Gray's work with TerraServer, a project led by Tom Barclay, taught the group new ways
to process and store large amounts of data. TerraServer was started as a project to
showcase the robust abilities of SQL Server. Barclay gathered satellite pictures from the
United States Geological Survey (USGS) and Spin-2, and put the data online so that
people could access the pictures from their home computers. TerraServer even proved
helpful to a military officer who wanted to make sure his ship wouldn't go aground on a
rock he knew was somewhere in the bay he needed to navigate.
While TerraServer proved to be an excellent resource for the Government, its main job
was to show how terabytes of data could be successfully stored and accessed online.
The difference between TerraServer and the upcoming project, SkyServer, is that
TerraServer doesn't have a strong data mining component.

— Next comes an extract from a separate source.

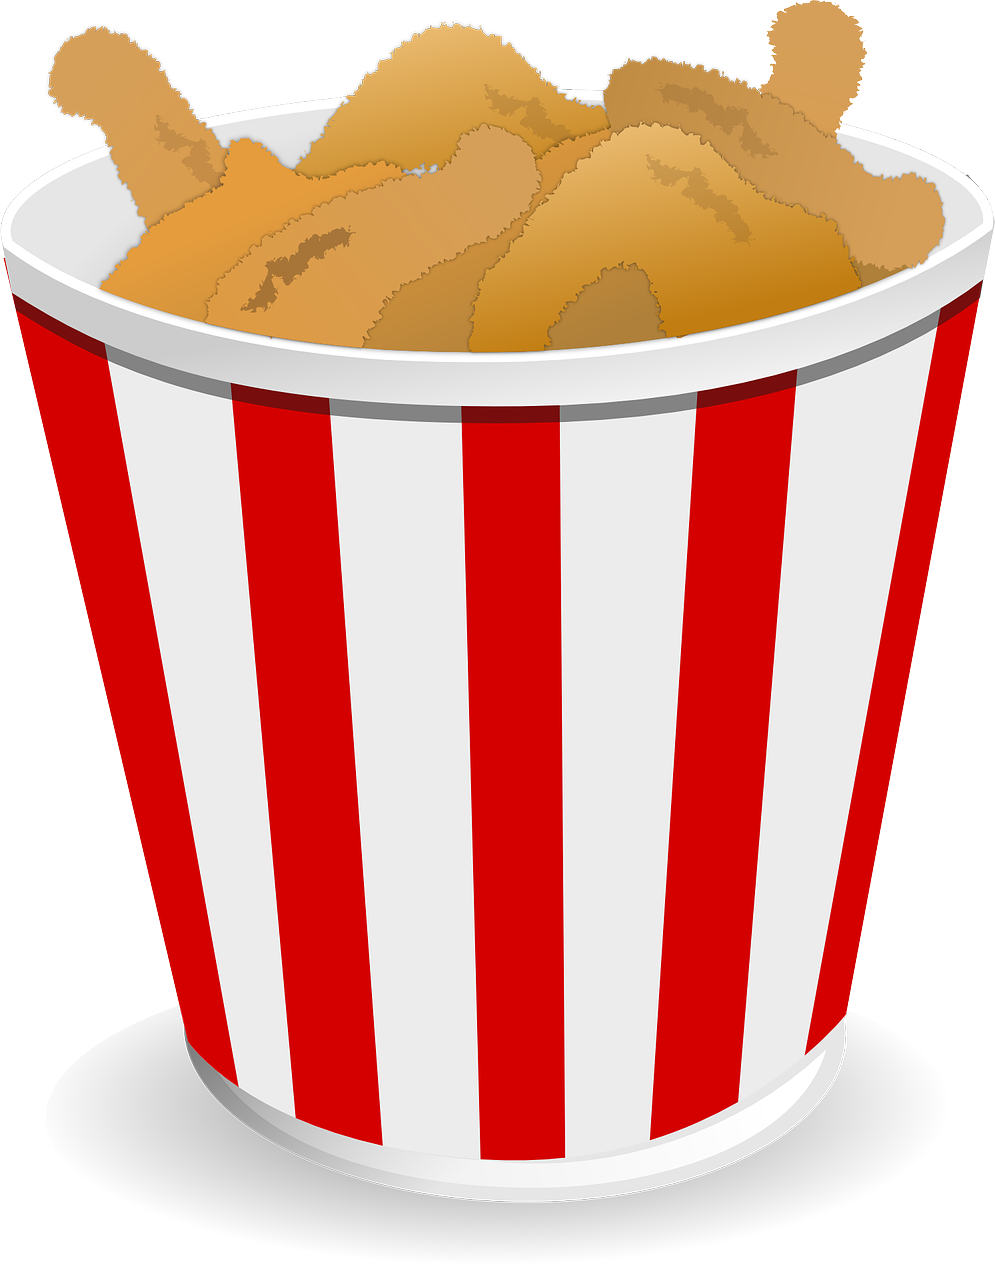 Fried Chicken Bucket PNG Free Download
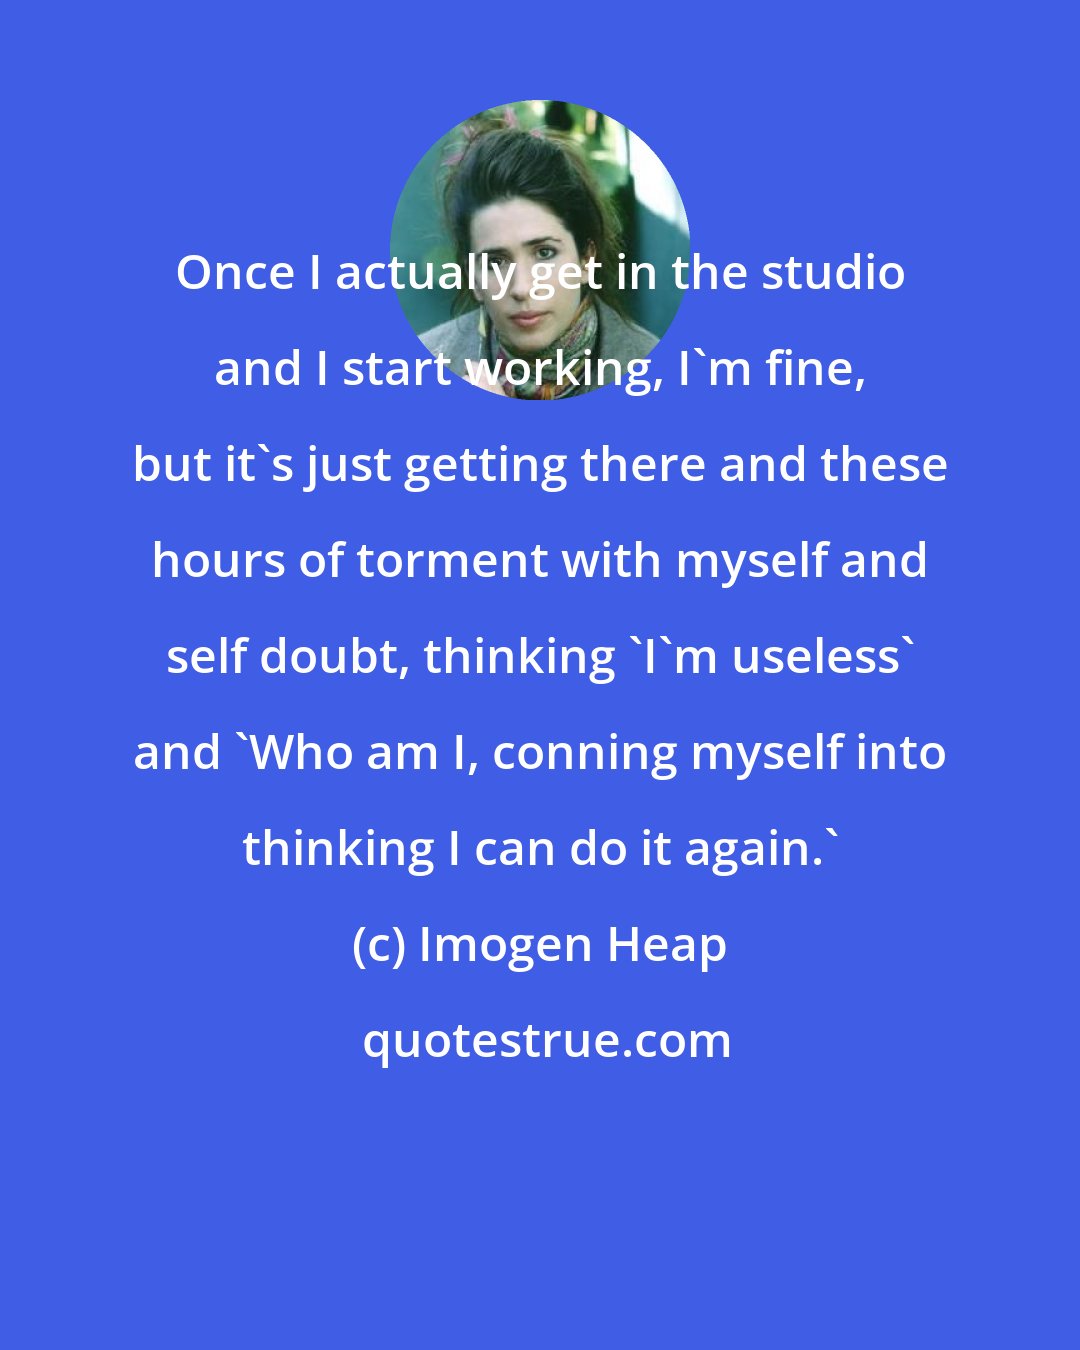 Imogen Heap: Once I actually get in the studio and I start working, I'm fine, but it's just getting there and these hours of torment with myself and self doubt, thinking 'I'm useless' and 'Who am I, conning myself into thinking I can do it again.'

It's primarily images of the
earth from an airplane, satellites, or scanned topographic maps. But there isn't much
data about cities, roads, and demographics.
The astronomy datasets, on the other hand, start with images and spectra but are almost
immediately translated into descriptions about the objects. The survey can identify about
400 parameters about each object, including the shape, whether it's a galaxy or a star,
and its colors.
Extracting the objects from all of this raw data is a challenging task. It took a million
lines of software code developed by the ten astronomy groups that make up the SDSS
consortium. Fermilab in Chicago, Illinois runs the data pipeline. The project
collaborators originally planned to deliver the data with a year's delay. This would give
them the chance to make some of the first discoveries, but also to make sure that the
calibration of the data is accurate.
Jim Gray's group suggested publishing the public data as a Web site similar to the
TerraServer. Szalay and the SDSS project leaders agreed. "Essentially we decided to
take all the engineering data that we used for these early discoveries and package it
very nicely in a version similar to the TerraServer which we call SkyServer. It will
be released between June and July for the public," Szalay said.
Szalay feels that the impact of the SkyServer on education will be substantial. He says,
"People simply love to gaze at the sky. And if we can connect this to the excitement of
scientific discovery I think we can motivate a lot of small kids to have a different attitude
to our science."
Astronomy has a history of a large group of amateur astronomers, some who are
engaged in other sciences, some of them in school, some of them who just like to look at
the sky. SkyServer will be a tremendous help to those who would never be able to
access the power of a telescope like the Sloan Digital telescope.
There is even some discussion that the Sloan Sky Survey might one day set aside a part
of the sky as a project for school kids who will get to see the data first. Szalay said, "Jim
has some very nice ideas about how to tie the SkyServer site to educational content. So
hopefully we will find teachers who will volunteer, who will get excited about writing
curricula and teacher guides around this Web site."
Gray is excited about the SkyServer project. "I've been working with Alex Szalay on
building that server. Microsoft is in fact contributing the hardware and some of the
support dollars for that server and it will be running Microsoft software, so we're also
contributing much of the software." Fermilab will operate the server.
Szalay hopes that the Sloan Survey, combined with other's efforts, will form a Virtual
Observatory and cause an entire paradigm shift in astronomy and other sciences. He
said, "The exciting thing about this will be the question of how you do science when you
collect and have at your fingertips so much data that you simply can't even think of
displaying it on your computer screen."